CONCLUSIONS: SP-mediated gut microbiota regulation ameliorates ConA-related LC progression by inhibiting Tlr4/Nlrp3 in the liver.
摘要:
背景:在肝硬化(LC)患者中,肠道微生物群的菌群失调很常见,据报道,脾切除术(SP)可以改善LC。在这里,我们报道了SP对肠道微生物群的影响,尤其是在小风韦洛内菌身上,胃肠道的革兰氏阴性球菌,在LC小鼠中,以及潜在的机制。
方法:尾静脉注射伴刀豆球蛋白A(ConA)诱导LC小鼠模型,其次是SP。进行16srRNA测序以分析ConA诱导和SP对小鼠肠道菌群的影响以及受肠道菌群影响的基因表达。将接受SP的LC小鼠用细小Veillonella灌胃。同样,肝星状细胞(HSC)和肝细胞(HC)用条件培养基(CM)诱导。
结果:SP通过恢复肠道屏障功能和维持肠道菌群平衡减轻小鼠的LC,以Veillonella为关键属。对LC小鼠进行小维洛氏杆菌灌胃可逆转SP的改善作用。小维肠杆菌的CM促进HSC的活化和IL-6、IL-1β的释放,和TNF-α。此外,小维肠杆菌的CM诱导的HC焦亡和ALT和AST的释放。细小韦洛氏菌代表了肠道微生物群的不平衡,从而增强肝脏中的肠源性内毒素,其主要靶标是Tlr4/Nlrp3。抑制Tlr4阻断小静脉菌诱导的HC损伤,HSC激活,以及随后的LC进展。
结论:SP介导的肠道菌群调节通过抑制肝脏中的Tlr4/Nlrp3改善ConA相关的LC进展。
方法:尾静脉注射伴刀豆球蛋白A(ConA)诱导LC小鼠模型,其次是SP。进行16srRNA测序以分析ConA诱导和SP对小鼠肠道菌群的影响以及受肠道菌群影响的基因表达。将接受SP的LC小鼠用细小Veillonella灌胃。同样,肝星状细胞(HSC)和肝细胞(HC)用条件培养基(CM)诱导。
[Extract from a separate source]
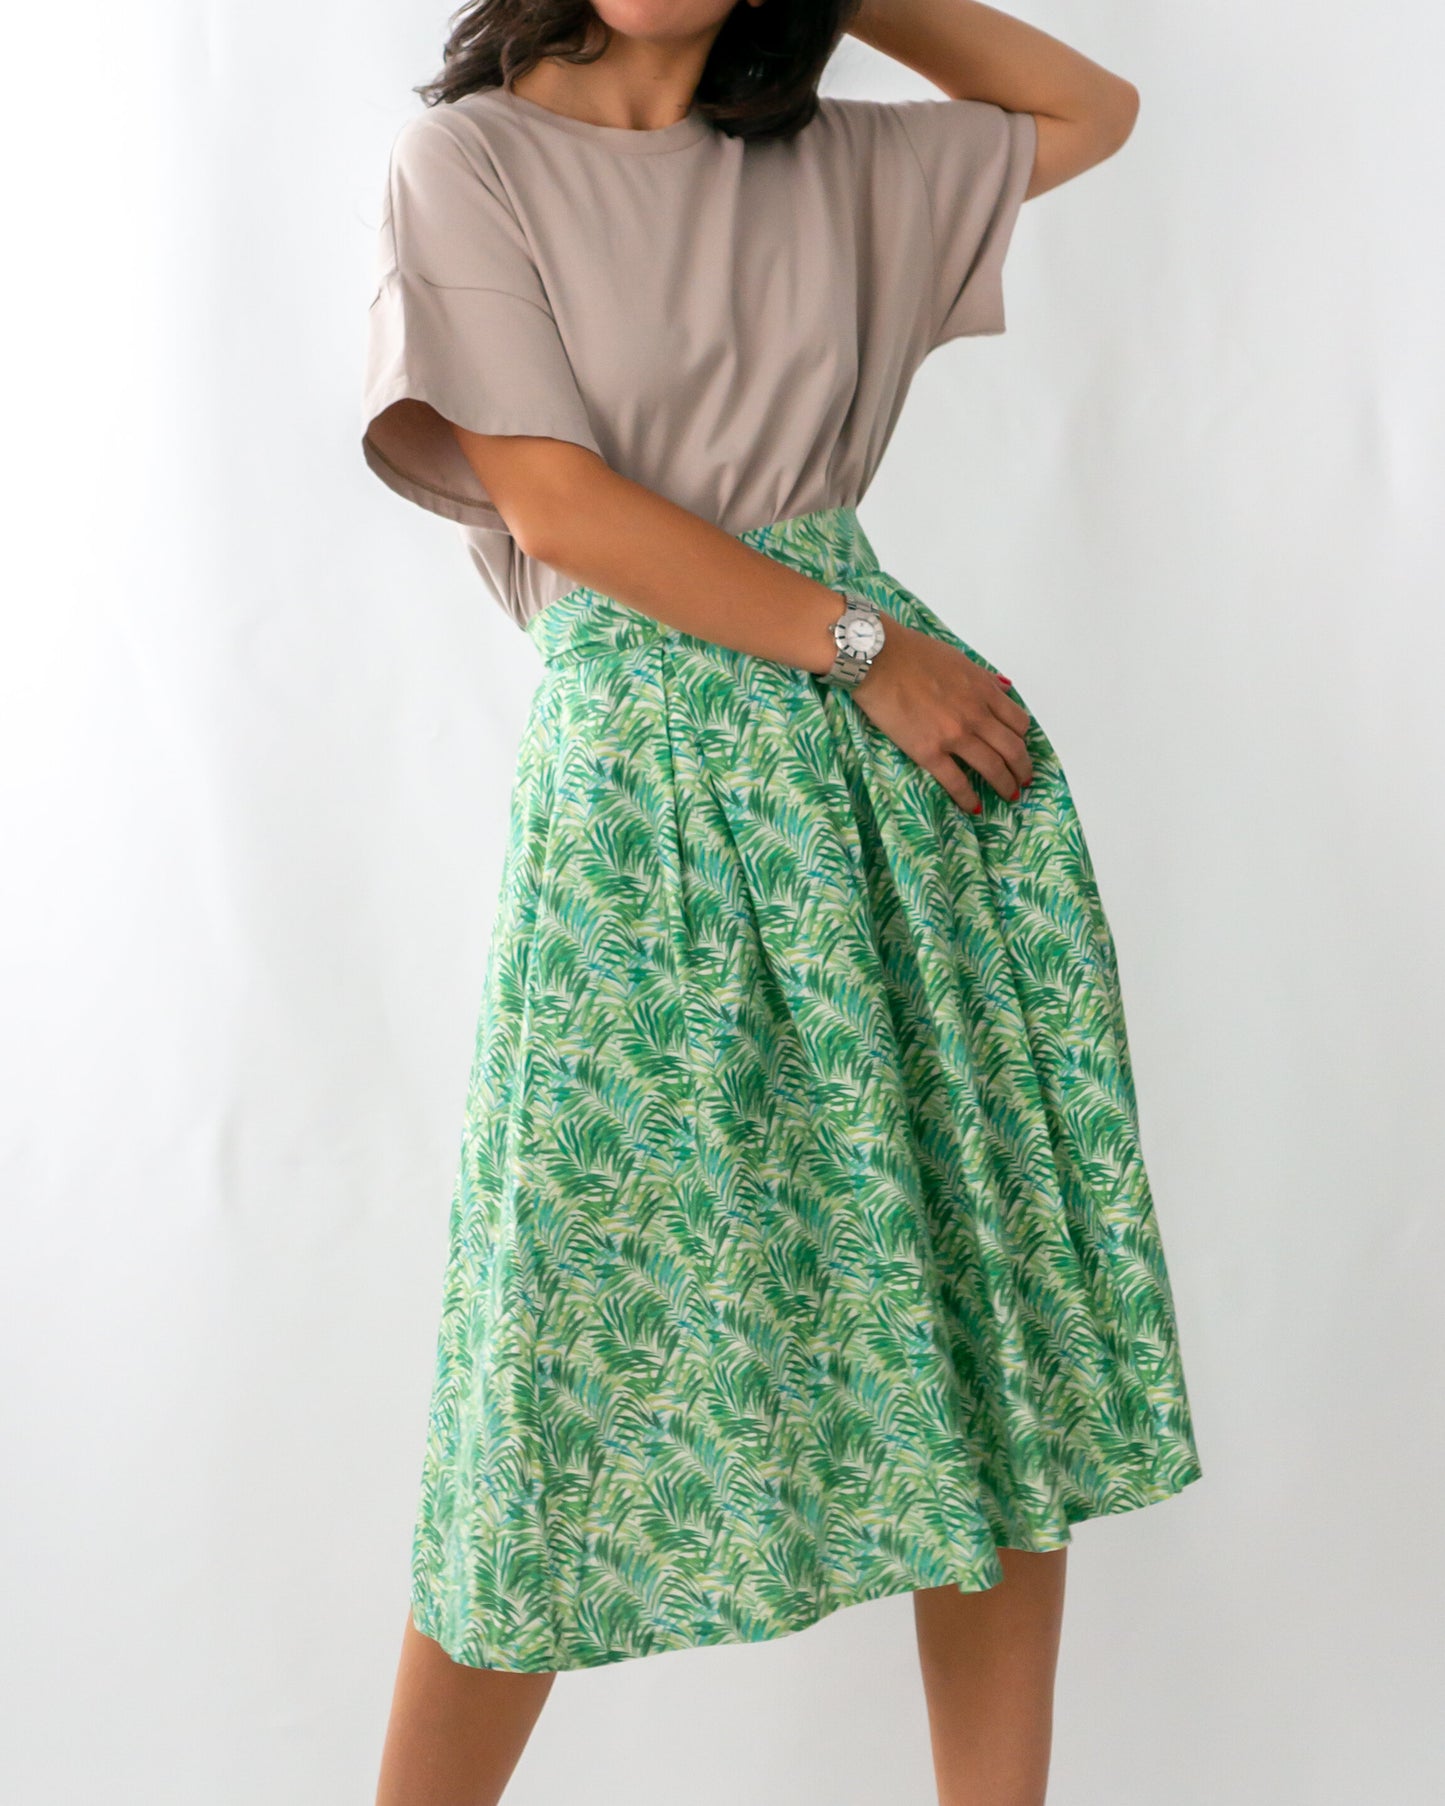 Stephanie Skirt -  PDF Sewing Pattern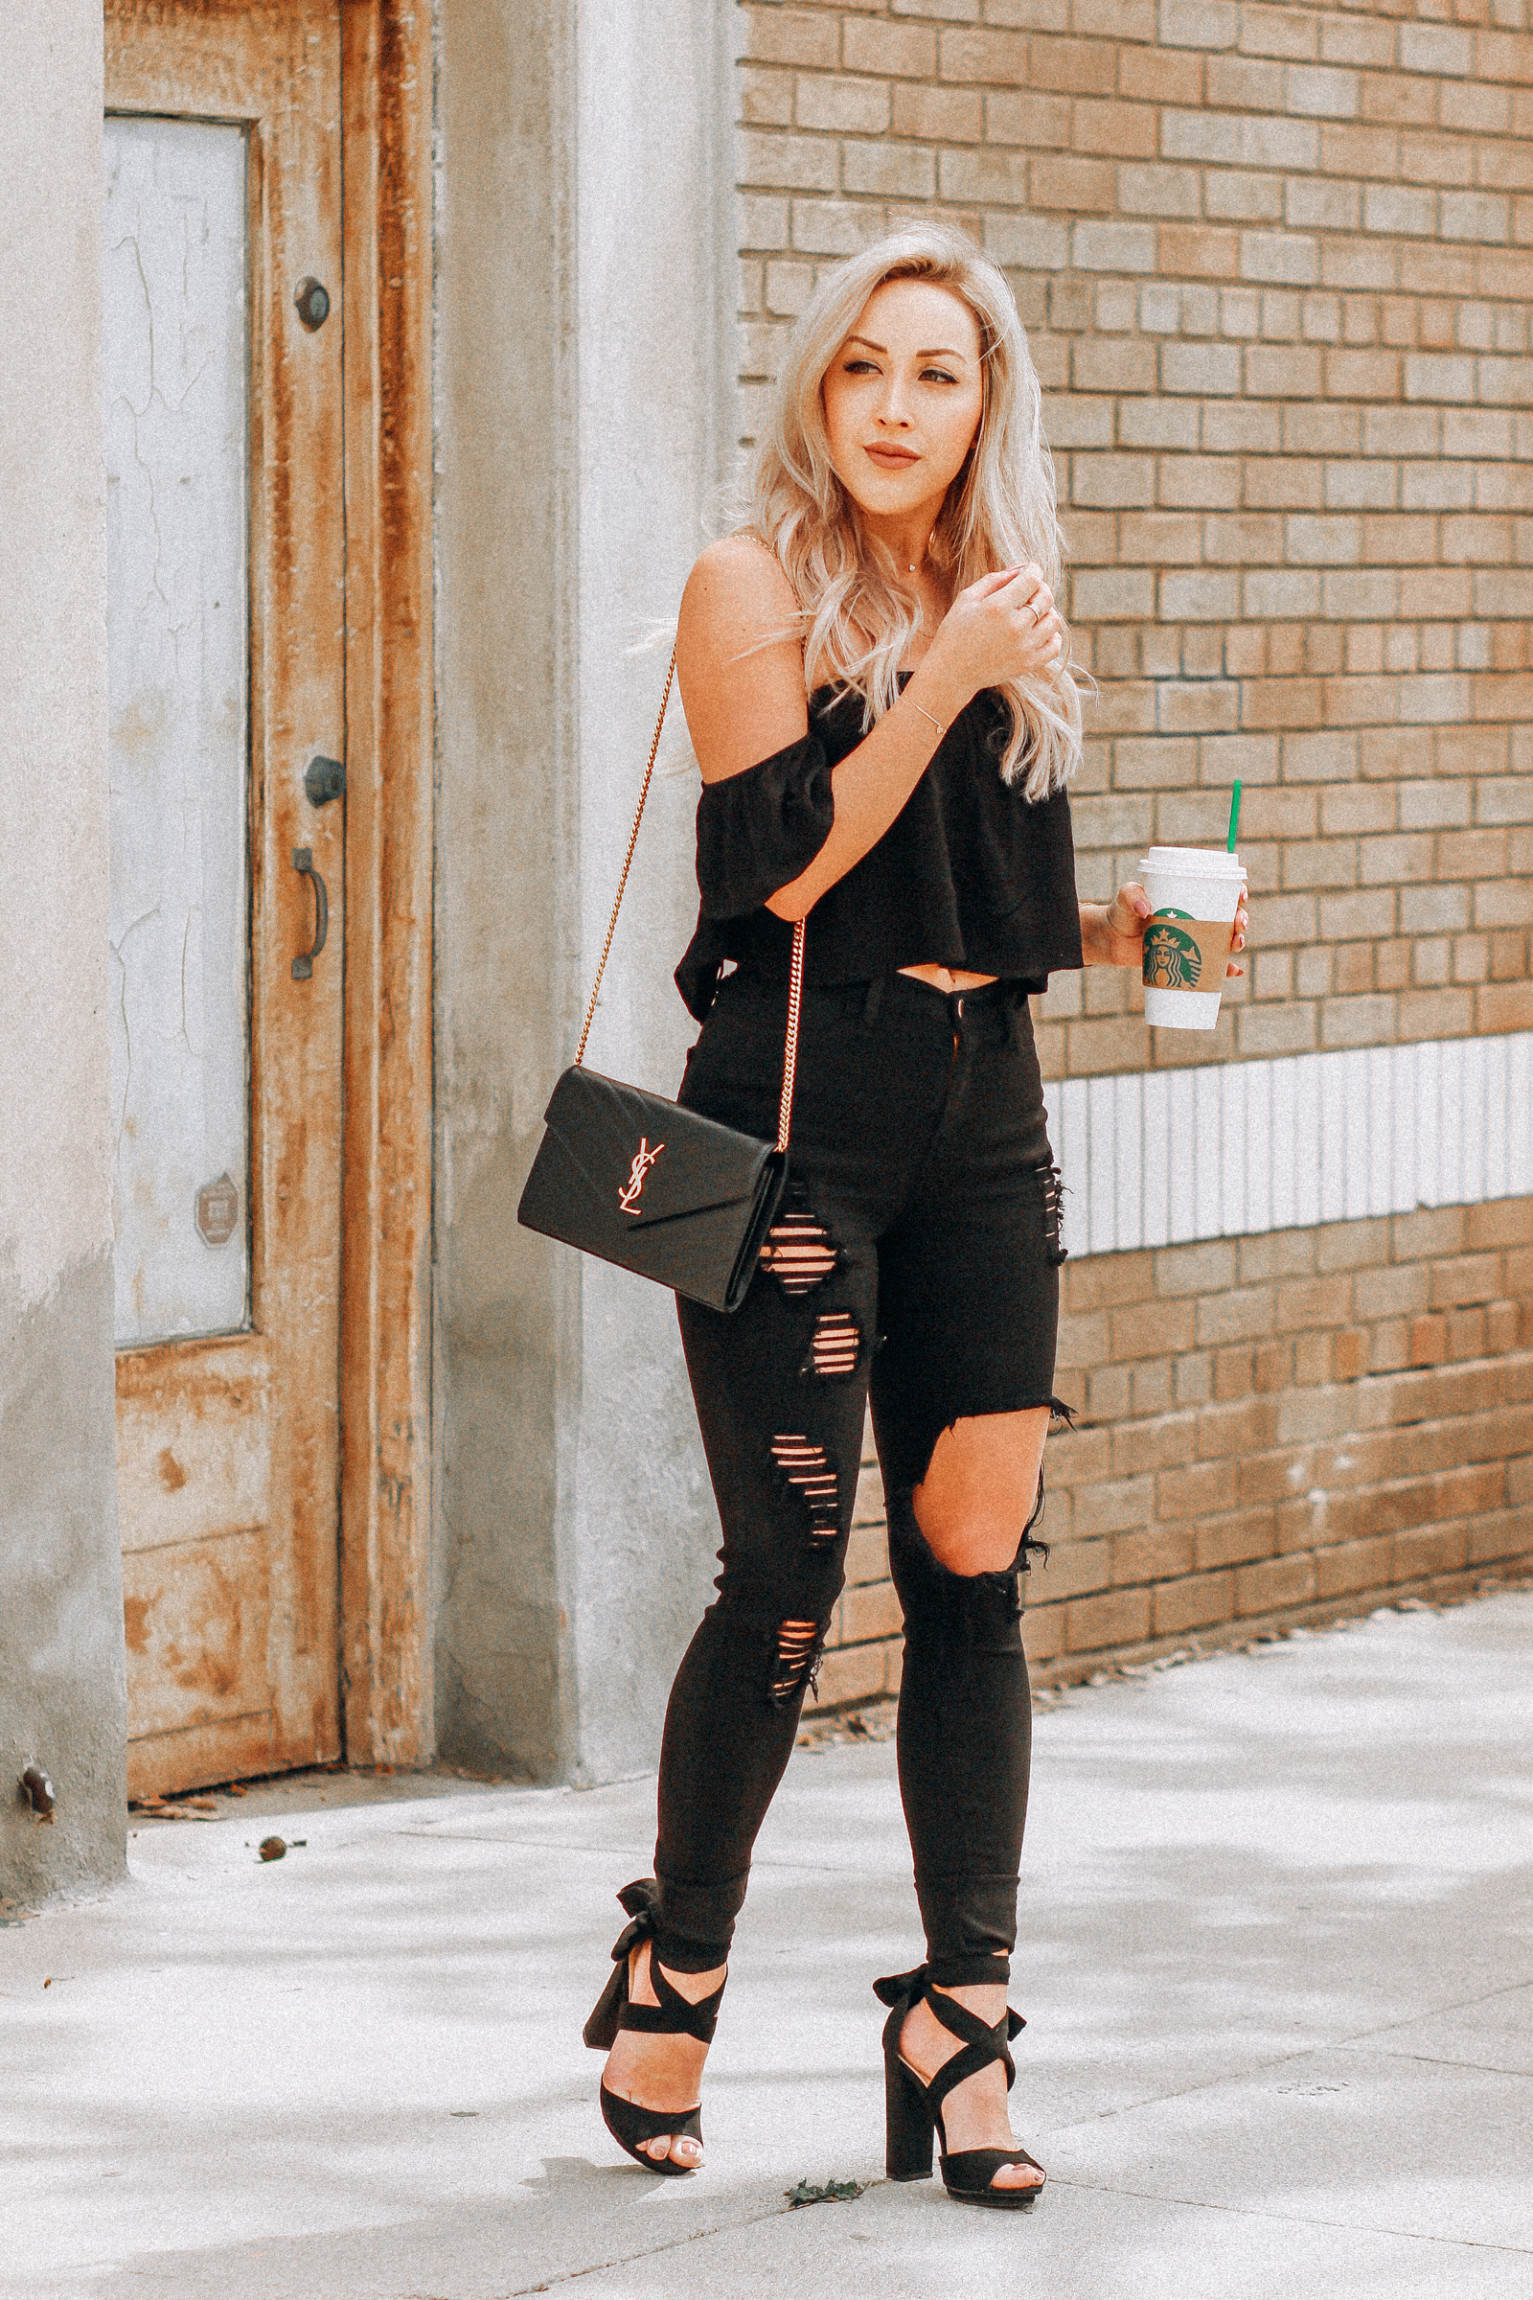 Black Ripped Jeans | Black Backless Summer Top | Black YSL Bag | Blondie in the City by Hayley Larue

结果:SP通过恢复肠道屏障功能和维持肠道菌群平衡减轻小鼠的LC,以Veillonella为关键属。对LC小鼠进行小维洛氏杆菌灌胃可逆转SP的改善作用。小维肠杆菌的CM促进HSC的活化和IL-6、IL-1β的释放,和TNF-α。此外,小维肠杆菌的CM诱导的HC焦亡和ALT和AST的释放。细小韦洛氏菌代表了肠道微生物群的不平衡,从而增强肝脏中的肠源性内毒素,其主要靶标是Tlr4/Nlrp3。抑制Tlr4阻断小静脉菌诱导的HC损伤,HSC激活,以及随后的LC进展。
结论:SP介导的肠道菌群调节通过抑制肝脏中的Tlr4/Nlrp3改善ConA相关的LC进展。